A massive fire ripped through a Conselyea Street building on Feb. 7 — and hoarding may be to blame.
FDNY officials said trash and unwanted materials kept inside a long-shuttered laundry on the bottom floor of the building between Union Avenue and Lorimer Street fueled the 12:31 pm blaze, which caused the roof to collapse and seriously damaged the façade of an adjoining building.
“The entire second floor was on fire,” Brooklyn FDNY Deputy Chief James Leonard explained after 138 firefighters spent more than 90 minutes extinguishing the blaze.
One firefighter suffered a minor injury beating back the blaze.

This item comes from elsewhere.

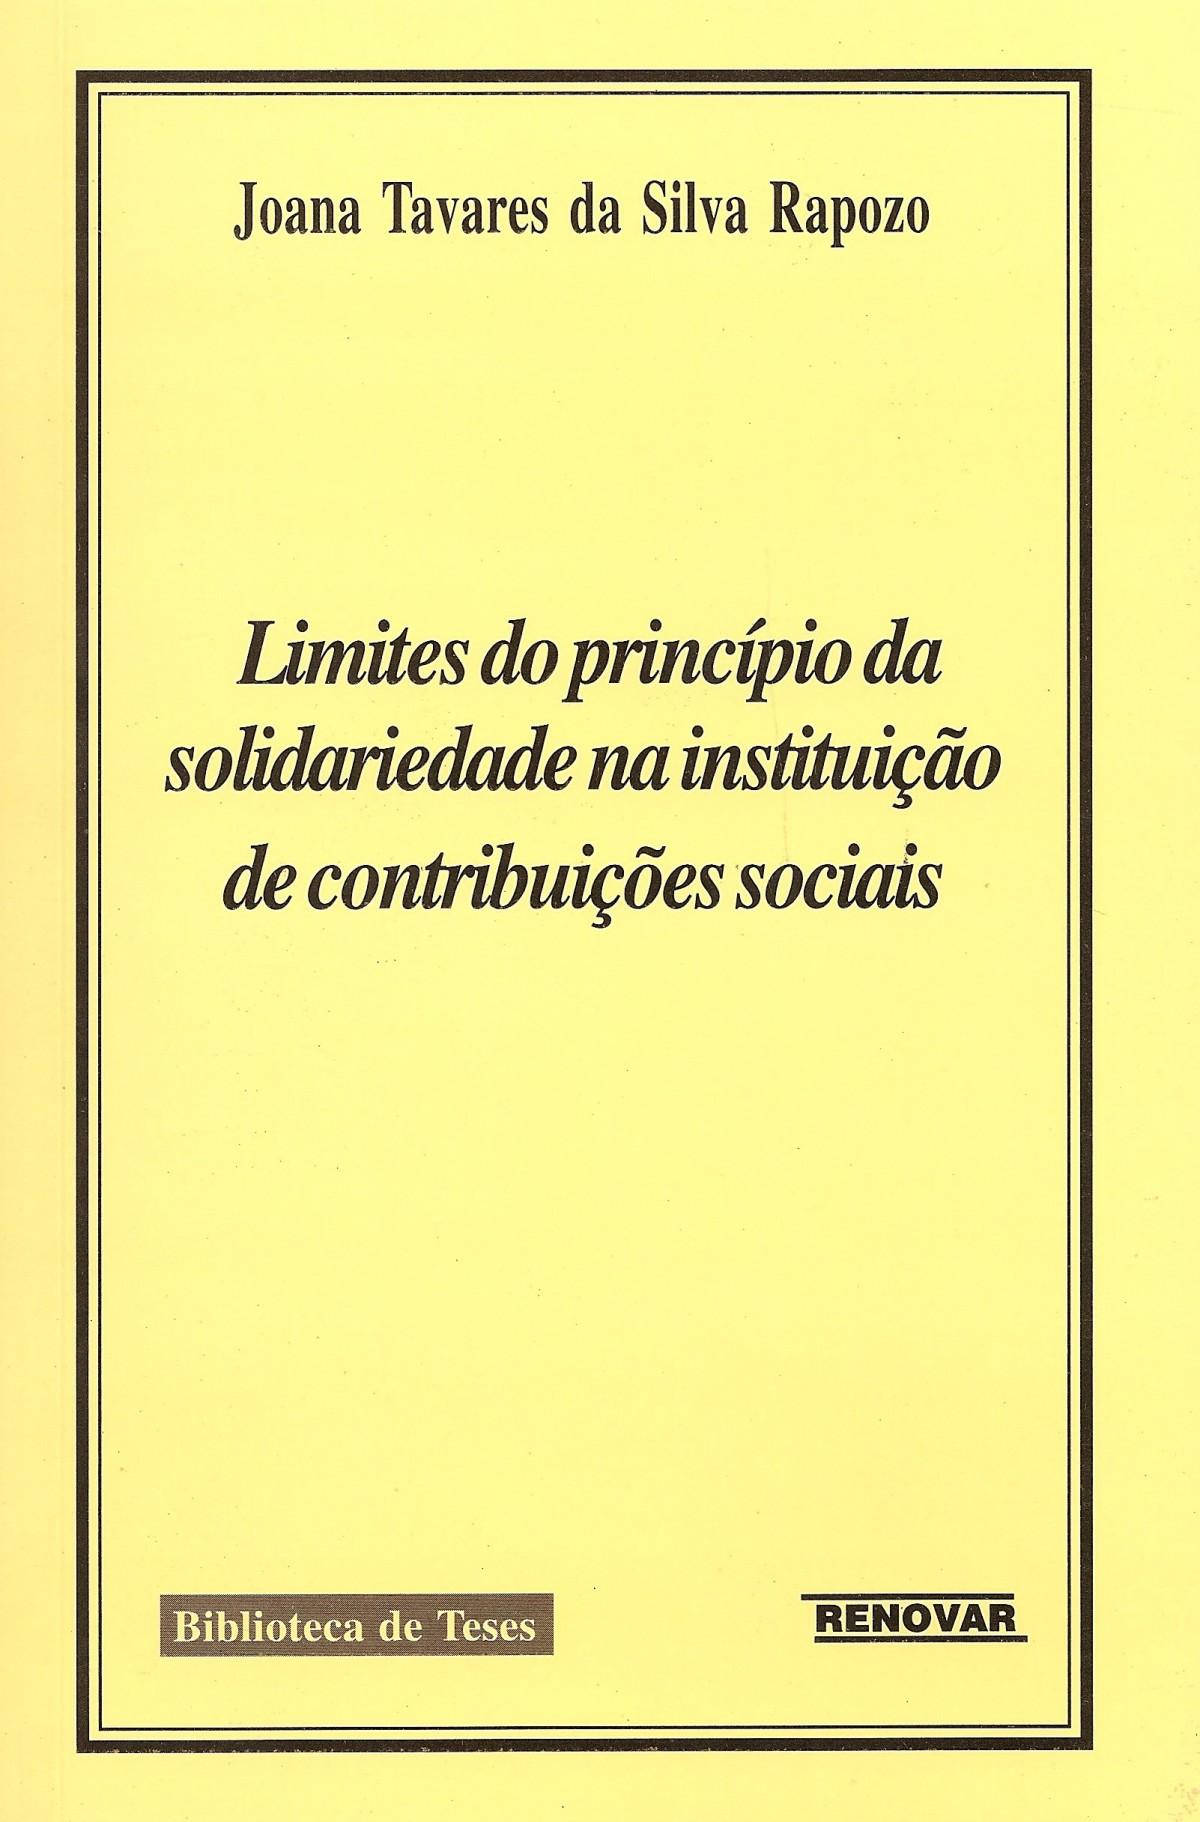 Foto 1 - Limites do Princípio da Solidariedade na Instituição de Contribuições Sociais

Panicked neighbors — some of which were found weeping as they watched the fire consume the 85-year-old building — thought a longtime building resident had perished inside, but the tenant was ultimately located, according to an FDNY spokesman.
“He had spent the afternoon in the library,” the spokesman said.
The cause of the fire remained unclear by late Monday, but Chief Leonard claimed that the Conselyea Street fire had ‘Collyer’s Mansion’ traits — a reference to the infamous Collyer brothers, notorious hoarders who were found dead inside their Harlem brownstone in 1947 amid 130 tons of newspapers, magazines, books and furniture they had squirrelled away throughout their lives.
The Conselyea Street building, built in 1926, housed a Sicilian bakery until the mid-1950s. A dry cleaning business soon moved into the spot, but ultimately closed in the 1970s.
The storefront shop has remained empty ever since, neighbors said.
Hoarding is apparently not uncommon in Williamsburg. Just last month, two silkscreen artists were indicted for hoarding 100 cats in a fetid, filth-strewn Metropolitan Avenue loft.
The hoarding was discovered when the cats actually fell through the rotting, urine-saturated floorboards to the Camel Art Space below.